No centro da povoação ainda arde o madeiro de Natal, onde dois pastores conseguem contar ao Presidente da República, como estão a ser difíceis os dias.

Ana Matos, 31 anos, pastora e bióloga, há três anos deixou Mafra para investir na pastorícia, hoje com 50 ovelhas.

“Houve apoio para alimentação das ovelhas, uma coisa muito pequena, depois houve apoio para potencial produtivo, mas que não se enquadra na nossa realidade, não dava para meter a perda de pastagens. Nós continuamos a precisar de apoios, perdemos todas as pastagens, soutos, colmeias, ficámos sem vedações, estou aqui presa”, denuncia a pastora, apontando o dedo ao excesso de burocracia.

“Muita burocracia, valores tabelados, e com faturas, as sementes não são elegíveis, uma trapalhada, nenhum dos meus vizinhos teve apoios, só coisas pequeninas. O principal é a falta de alimento, agora tenho de andar à chuva. São prejuízos incalculáveis. A ajuda que recebi foi na altura dos incêndios com comida”, explica Ana Matos, recordando o trauma dos incêndios.

“Víamos a coluna de fumo sempre a vir na nossa direção, o fogo ganhou muita força, deixámos as ovelhas debaixo de um aspersor de água. Tivemos durante duas semanas a apagar reacendimentos e ardeu tudo até às portas de casa. Não há apoios adaptados à nossa realidade, que a gente possa aproveitar. Ardeu tudo. temos de trabalhar para tornar a quinta resiliente aos fogos”, pondera. Marcelo Rebelo de Sousa, questiona: “Valeu a pena essa mudança de vida?”.

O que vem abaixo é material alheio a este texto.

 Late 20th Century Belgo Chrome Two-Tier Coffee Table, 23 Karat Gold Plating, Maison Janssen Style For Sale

“Valeu, mas não está a ser muito fácil”, admite Ana Matos, que é também queijeira. Foi no ano letivo de 2019/2020 que Ana Matos deu o primeiro passo para a vida de pastora, quando se inscreveu na Escola de Pastores, um projeto financiado por fundos comunitários, para a valorização da fileira do queijo da Região Centro. “No final, recebi um cheque no valor de cinco mil euros, que me ajudou a dar os primeiros passos na pastorícia”, relembra.

O pastor José Pita, 29 anos, partilhou os mesmos lamentos. “Foi tudo muito rápido e ardeu-me uma casa”, relata.

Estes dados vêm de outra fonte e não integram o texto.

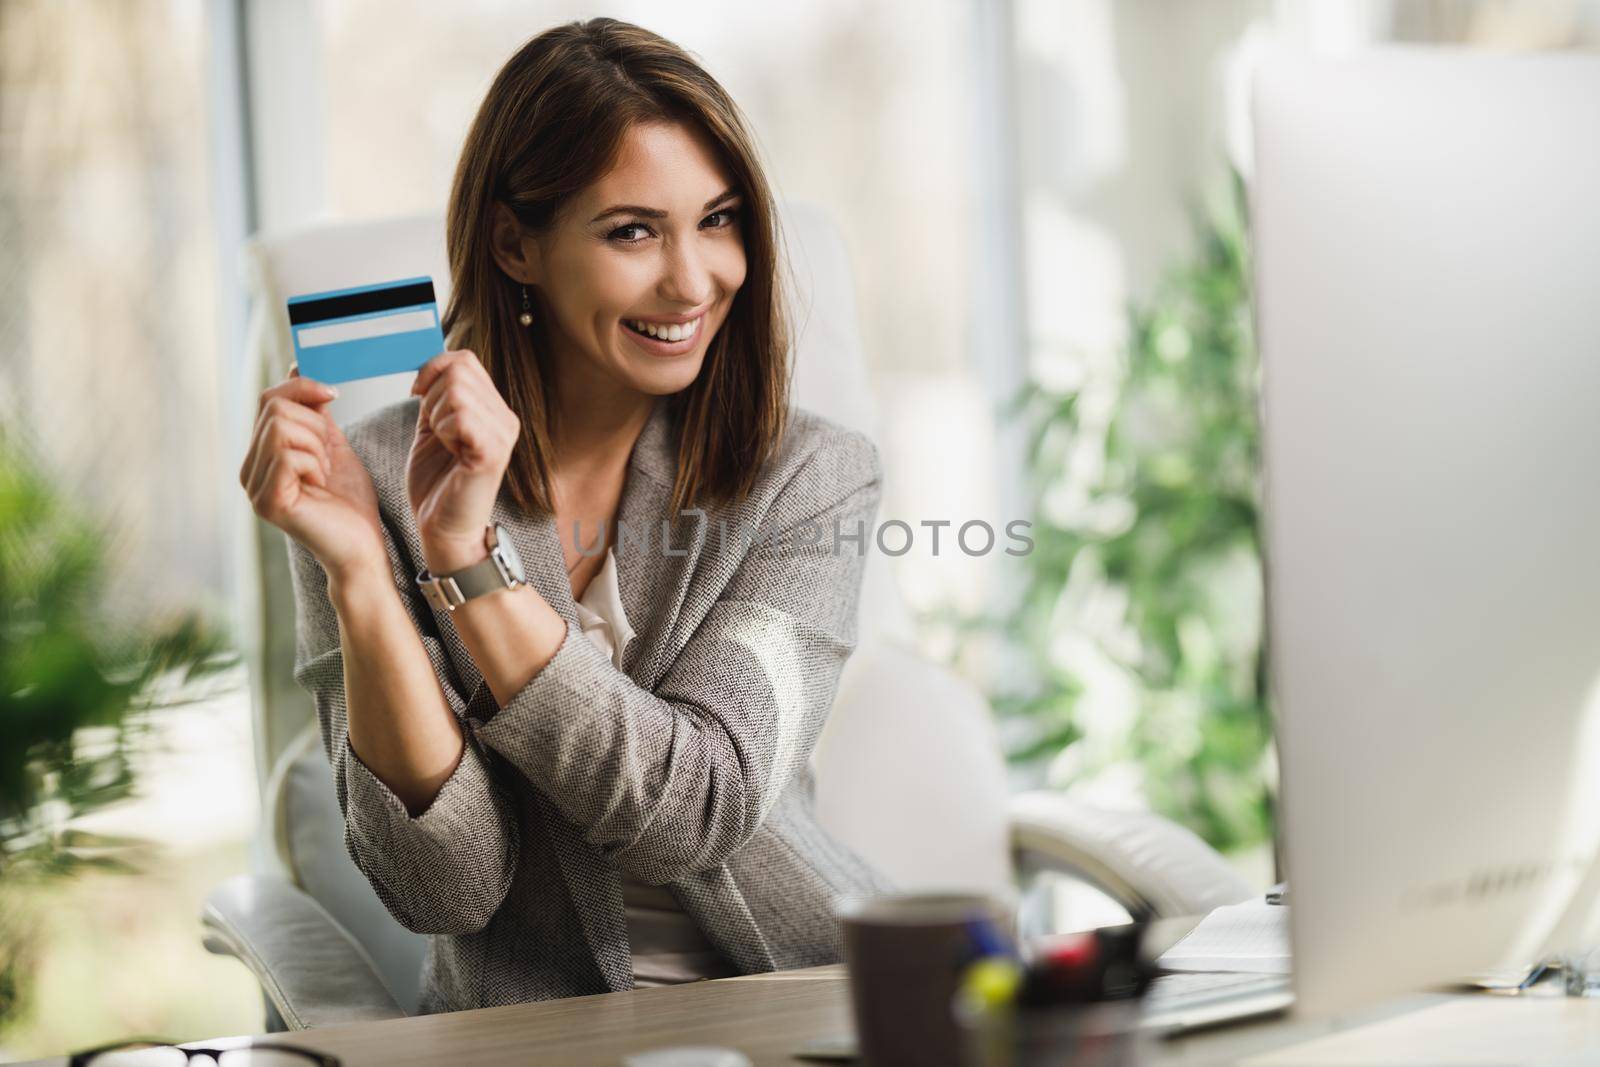 An attractive business woman holding a credit card and looking at camera while working on her computer in the office.

O Presidente da República, Marcelo Rebelo de Sousa ouviu os queixumes, repetindo uma palavra. “Prevenir, prevenir, prevenir. Ir em frente e ir aprendendo com as lições do passado”, concluiu o chefe de Estado.

“Onde já não há certos serviços públicos, há bombeiros”

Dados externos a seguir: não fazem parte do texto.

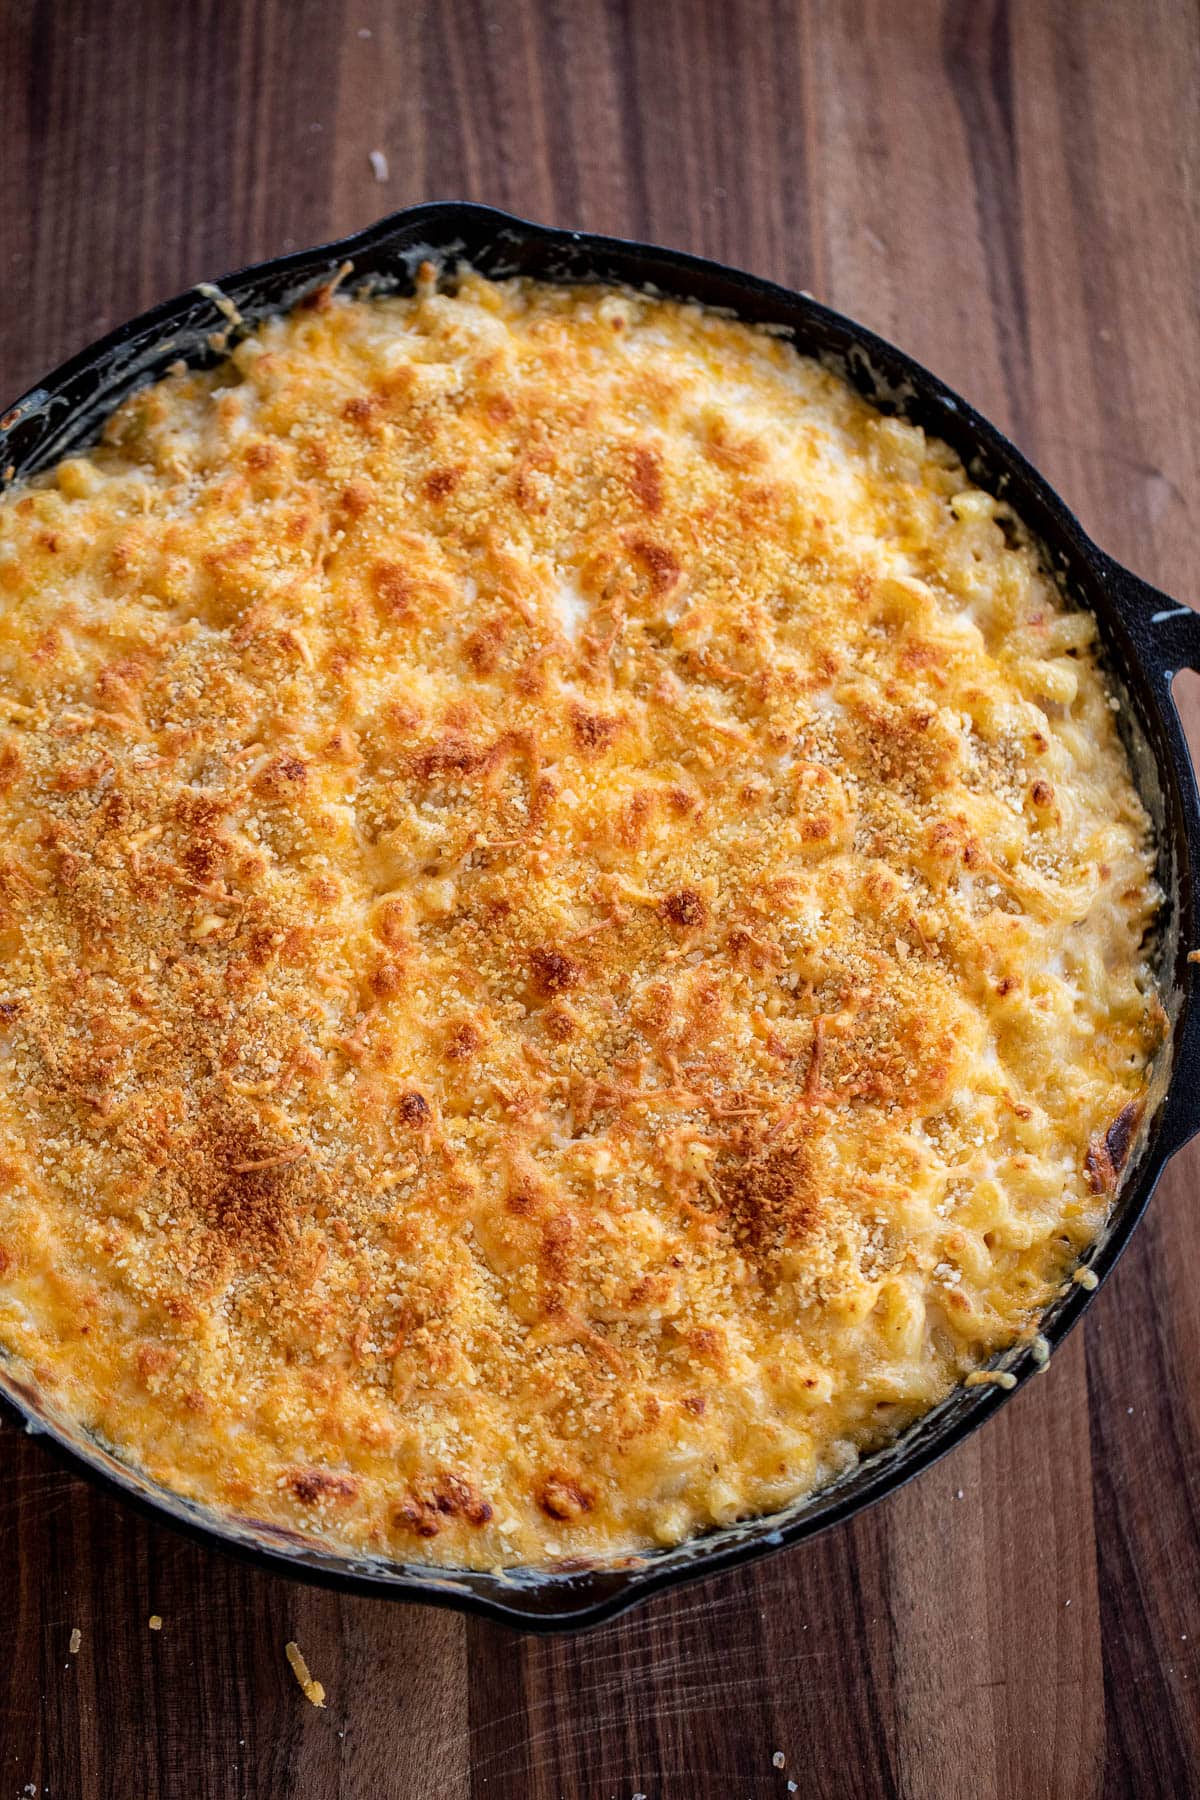 Baked mac and cheese with crunchy topping

Ainda antes do contacto com os pastores de Folgosinho, Marcelo Rebelo de Sousa, teve ainda tempo para agradecer aos bombeiros.

“Sacrificando as famílias em qualquer dia do ano, qualquer hora, estais permanentemente mobilizados e isso não tem preço. Fala-se sobretudo em vós no verão, mas todos os dias é preciso fazer um transporte, ajudar alguém. Lá estais vós, permanentemente. O que seriam essas terras sem vós? Um esteio de cada uma das terras de Portugal, são os seus bombeiros, onde já não há certos serviços públicos, há bombeiros, fazem parte da identidade das terras”, defendeu o Presidente da República.

Marcelo Rebelo de Sousa sublinhou que ser bombeiro é muito mais que uma profissão. “A vossa missão não é uma profissão, é um voluntariado, se for preciso dar a vida, dais a vida. Tal como os nossos soldados representam Portugal, normalmente o povo diz soldados da paz, porque em teoria está-se em paz, mas o combate num incêndio não é menos feroz. É um inimigo tão perigoso ou mais perigoso do que um inimigo numa guerra”, realçou.

Já noite, Marcelo Rebelo de Sousa seguiu em passo apressado num dia cheio, com a agenda apertada. Alguns pastores só viram o presidente ao longe e outros nem sabiam da sua presença. Neste périplo, Marcelo Rebelo de Sousa esteve acompanhado pelo ministro da Administração Interna, José Luís Carneiro, passando ainda pela Covilhã, Manteigas, Seia, Linhares, Celorico da Beira e Guarda.